Eles faziam parte de uma investigação sobre a morte de seu marido, Quintino Cereceda, que partiu em uma manhã de 2016 para participar de um protesto contra uma nova mina de cobre e nunca mais voltou.

A Sra. Huillca não sabe ler, mas consegue identificar documentos importantes: uma foto do corpo de seu marido, um ferimento a bala na testa; o formato de perguntas e respostas em que os policiais descrevem o disparo de munição real enquanto os manifestantes atiravam pedras; o logotipo da mineradora enviando comboios de caminhões por estradas não pavimentadas, provocando protestos entre os moradores fartos da poeira.

Mas hoje, a investigação esfriou.

“Todos esses anos e nada de justiça”, disse Huillca, uma agricultora quíchua de 51 anos, enquanto uma tempestade caía sobre sua aldeia, Choquecca, nos Andes do sul do Peru. “É como se não existíssemos.”

Durante anos, dezenas de casos semelhantes no Peru tiveram um destino familiar: as investigações sobre o assassinato de civis desarmados em protestos onde as forças de segurança foram mobilizadas, a maioria delas em áreas indígenas e rurais pobres, são abertas quando atraem as manchetes, apenas para serem fechado discretamente mais tarde, com as autoridades frequentemente citando a falta de evidências.

Agora, o número extraordinariamente alto de mortos durante as manifestações antigovernamentais após a destituição do presidente do país no ano passado colocou as acusações de abuso por parte das autoridades de segurança no centro das atenções globais, levantando questões sobre por que tantos assassinatos anteriores permanecem sem solução.

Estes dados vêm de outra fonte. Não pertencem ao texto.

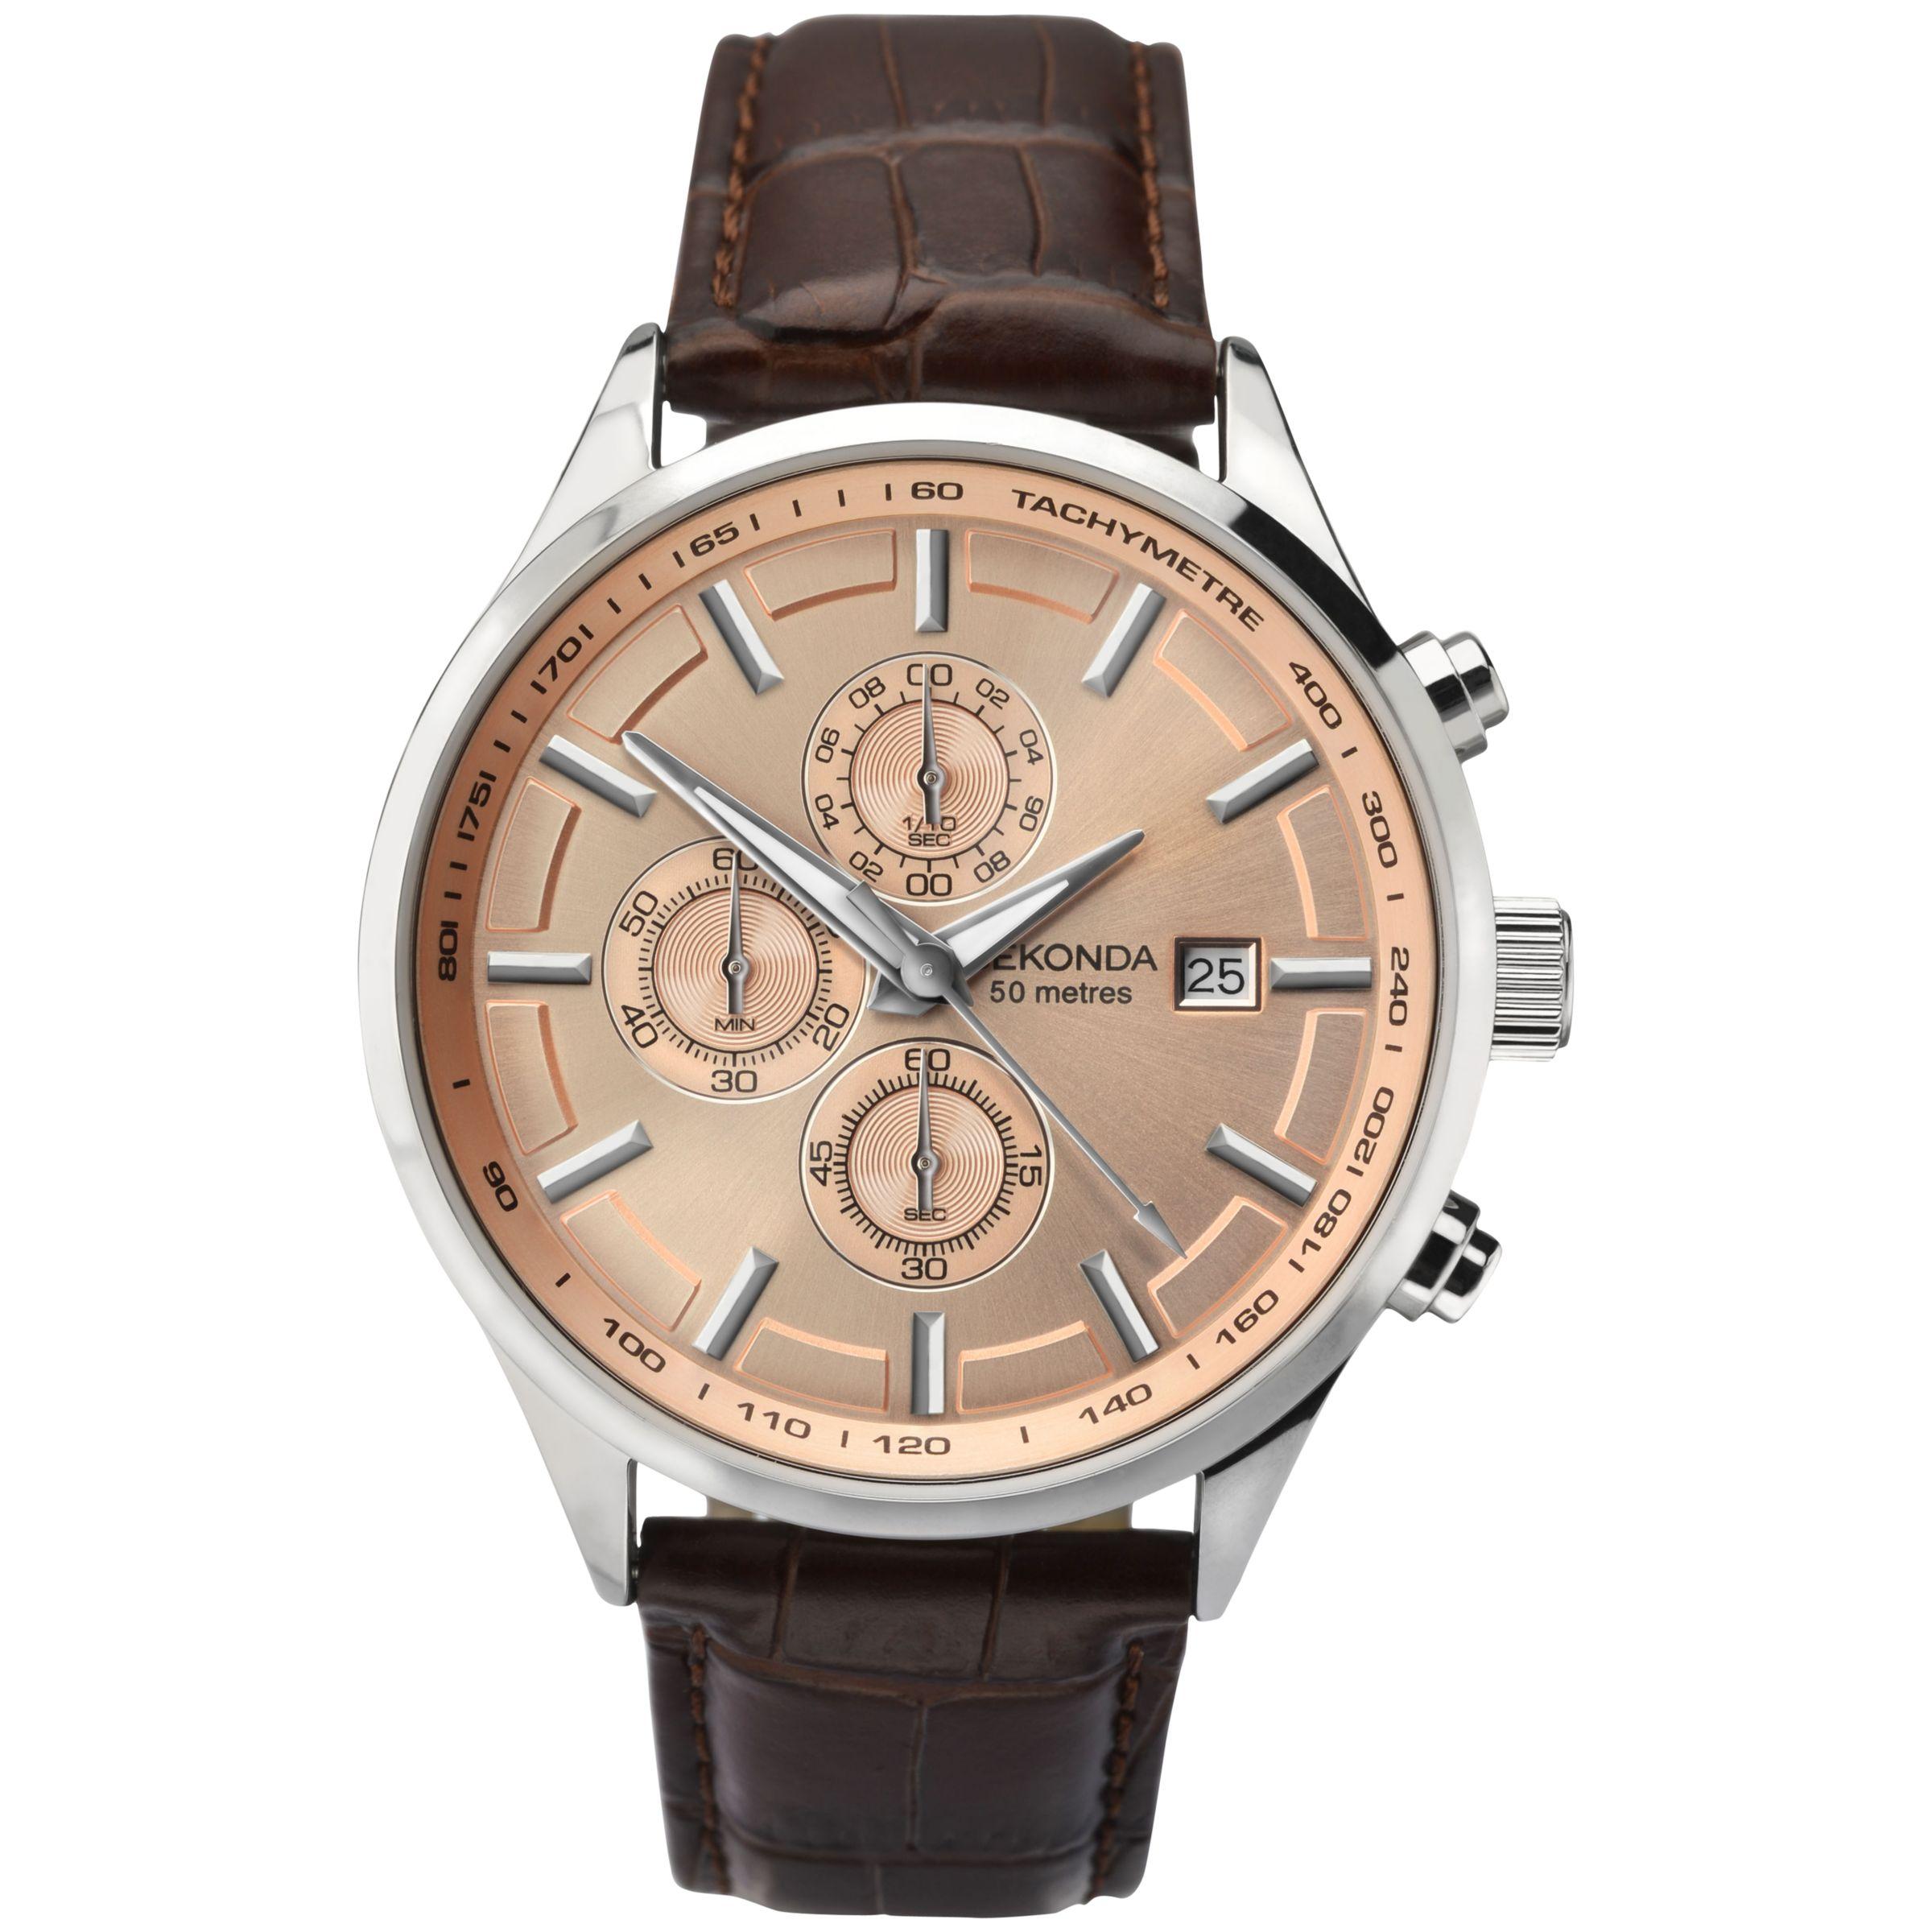 Sekonda Sekonda 1105.27 Men's Chronograph Leather Strap Watch, Brown/Rose Gold

Pelo menos 49 civis foram mortos em confrontos com a polícia ou militares durante os protestos após o impeachment do presidente Pedro Castillo em dezembro passado, quando tentou dissolver o Congresso e governar por decreto, segundo dados da ouvidoria do país.

Uma investigação do New York Times em março descobriu que em três cidades onde ocorreram confrontos mortais, a polícia e os soldados dispararam espingardas contra civis usando munição letal, dispararam rifles de assalto contra manifestantes em fuga e mataram pessoas desarmadas, muitas vezes em aparente violação de seus próprios protocolos.

“Passamos pela mesma coisa”, disse José Cárdenas, cujo irmão mais novo, Alberto, foi morto em 2015 em confrontos com a polícia durante protestos que também visavam uma mina de cobre. “Meu irmão não morreu em um acidente. Ele foi baleado.

Até agora, uma investigação não levou a nenhuma acusação.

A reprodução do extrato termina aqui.